Data to examine:
===

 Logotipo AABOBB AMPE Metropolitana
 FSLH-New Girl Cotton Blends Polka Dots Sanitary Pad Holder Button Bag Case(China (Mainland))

===

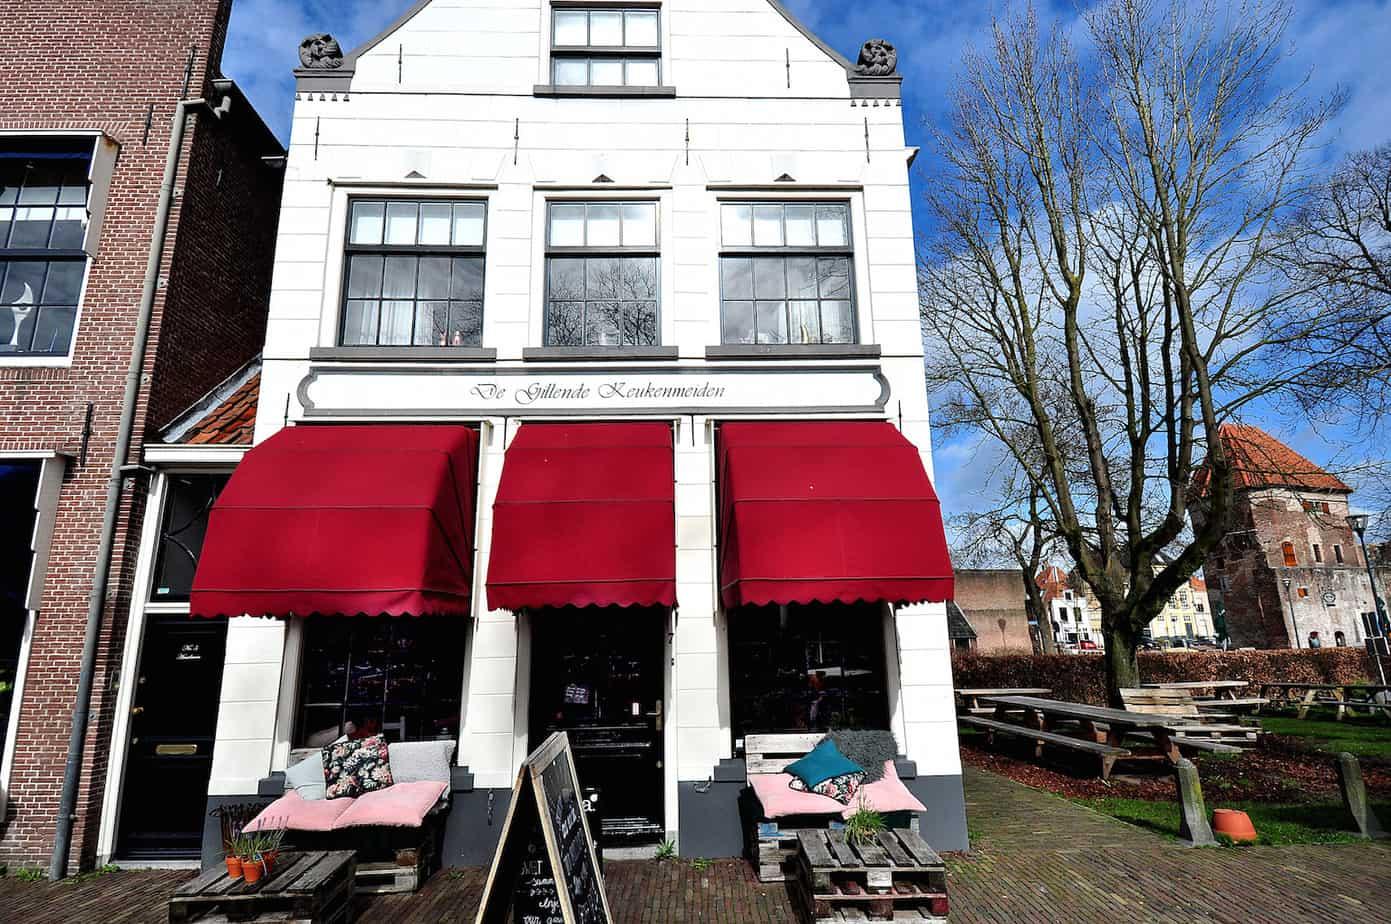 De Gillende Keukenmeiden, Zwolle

===

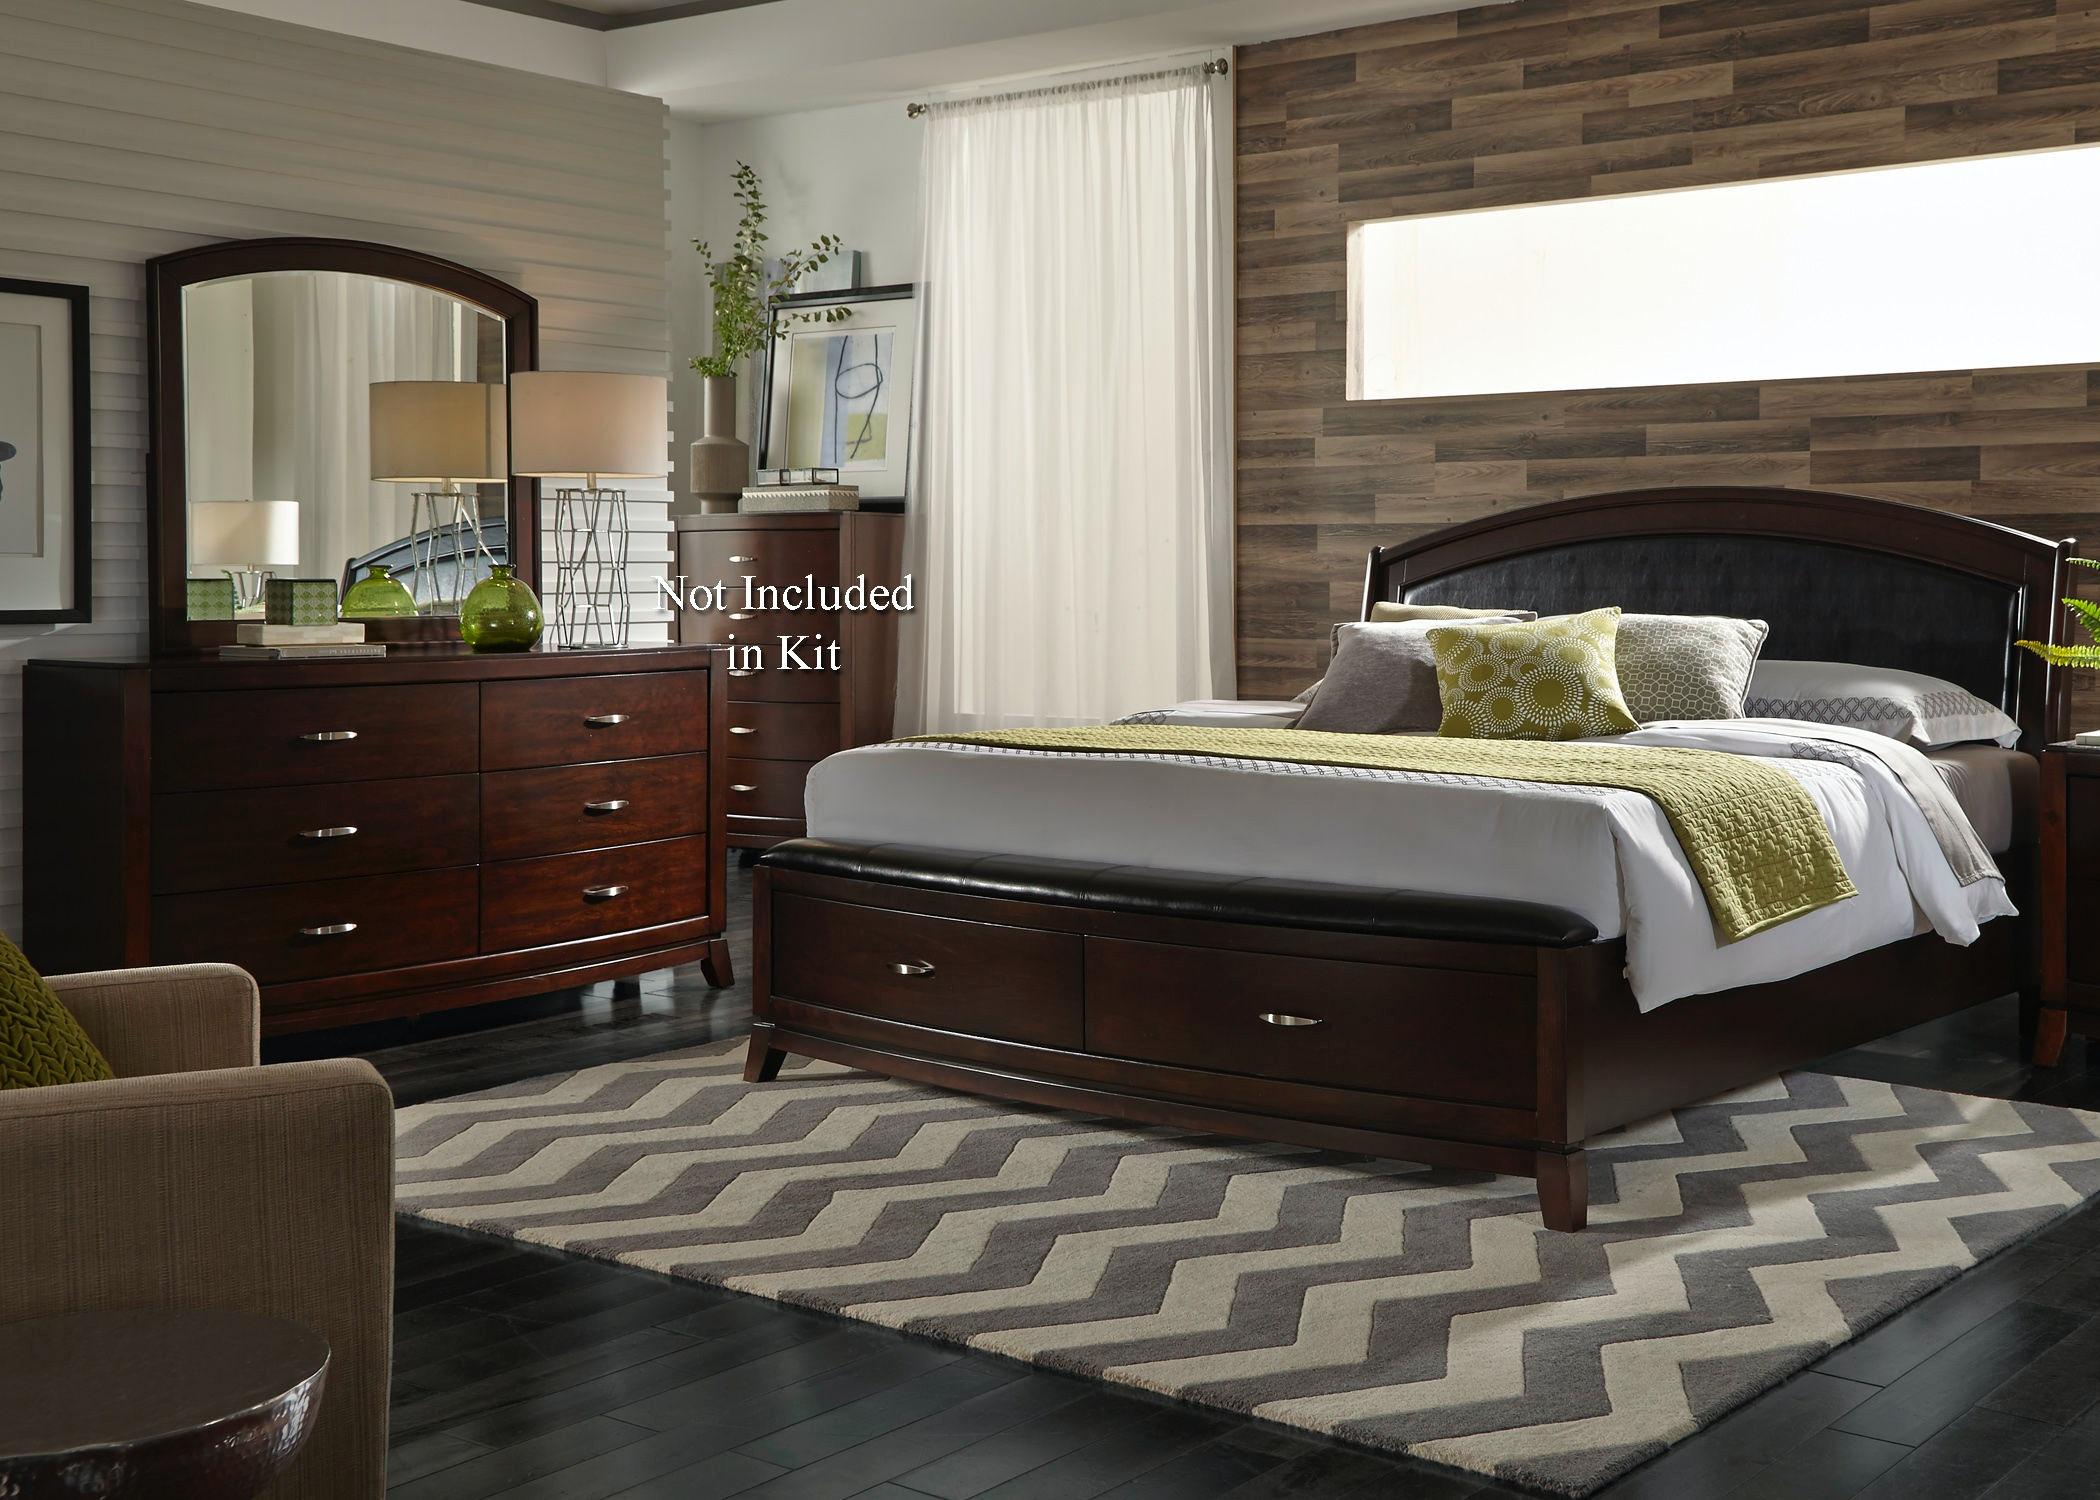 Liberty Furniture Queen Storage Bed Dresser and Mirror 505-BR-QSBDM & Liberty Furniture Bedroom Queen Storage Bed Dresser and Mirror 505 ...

===

Task to carry out: Reproduce exactly the lines above from the line with "Logotipo AABOBB AMPE Metropolitana" to the line with "FSLH-New Girl Cotton", including both, and add nothing.

Task solution:
 Logotipo AABOBB AMPE Metropolitana
 FSLH-New Girl Cotton Blends Polka Dots Sanitary Pad Holder Button Bag Case(China (Mainland))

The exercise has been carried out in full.